Ireland Hikes Taxes, Cuts Welfare
DUBLIN – Ireland is cutting spending and hiking taxes in the hopes of stabilizing the national economy.
On October 15th the Finance Minister of Ireland Michael Noonan presented the plan for government’s budget for 2014, with more than EUR 2.5 billion in new revenues derived from tax rises and spending cuts.
According to the Minister “…one of the primary tasks of this budget is to lay down the conditions for a successful exit from the bailout program at the end of this year”.
The main tax changes announced in the budget are the introduction of a new bank levy based on the tax paid on deposit interest in 2011, and a 5 percent hike to the deposit interest retention tax (DIRT), currently set at 36 percent, charged on interest earned by individuals.
The new bank levy is expected to bring in an additional EUR 150 million annually for next three years, while the hike to the DIRT tax will raise EUR 100 million next year.
The Minister also said that from next year onward the government will eliminate a rule which had previously allowed some Irish registered companies to be considered as not having any tax domicile.

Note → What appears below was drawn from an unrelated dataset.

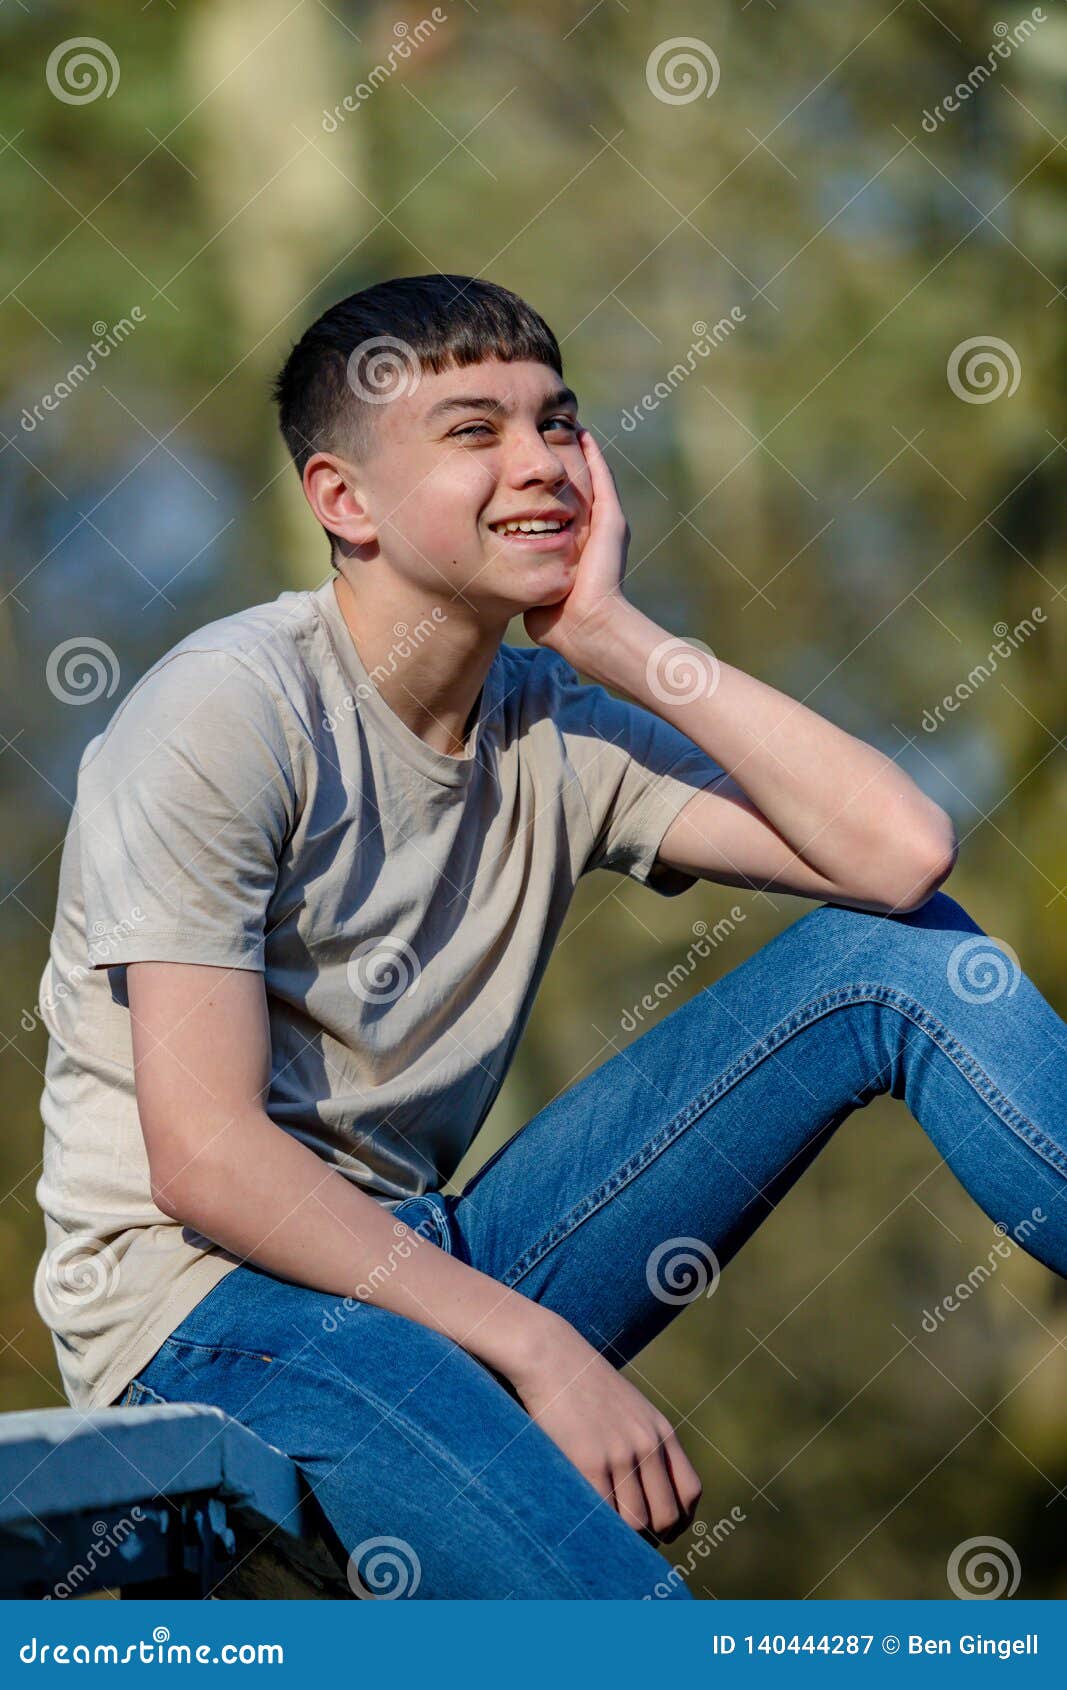 Teenage Boy Outside on a Bright Spring Day Stock Image - Image of trees ...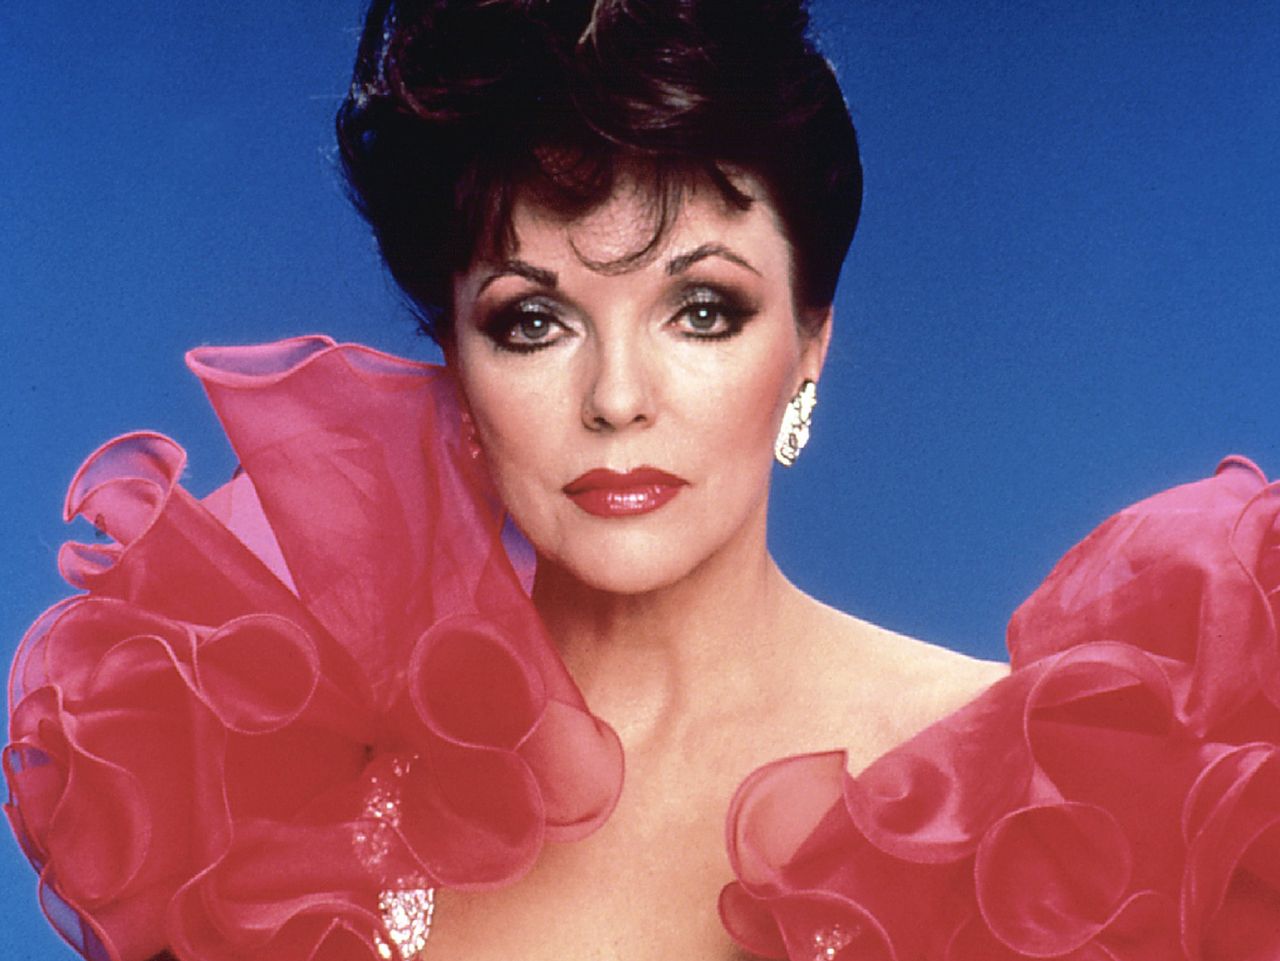 Joan Collins at 91: A life of stardom, scandal, and resilience

As part of a tightening of spending, the government will reduce some expenditures on social welfare programs, cutting inefficient programs such a current EUR 850 bereavement grant, and the telephone allowance for inmates.
The Finance Minister said that the new budget will facilitate stable long-term economic expansion and a return to a fiscal surplus, and government expects that by the the budget takes effect in January, Ireland will no longer require additional bailout loans from the International Monetary Fund, and the country will be able to resume normal operations on the international bond market.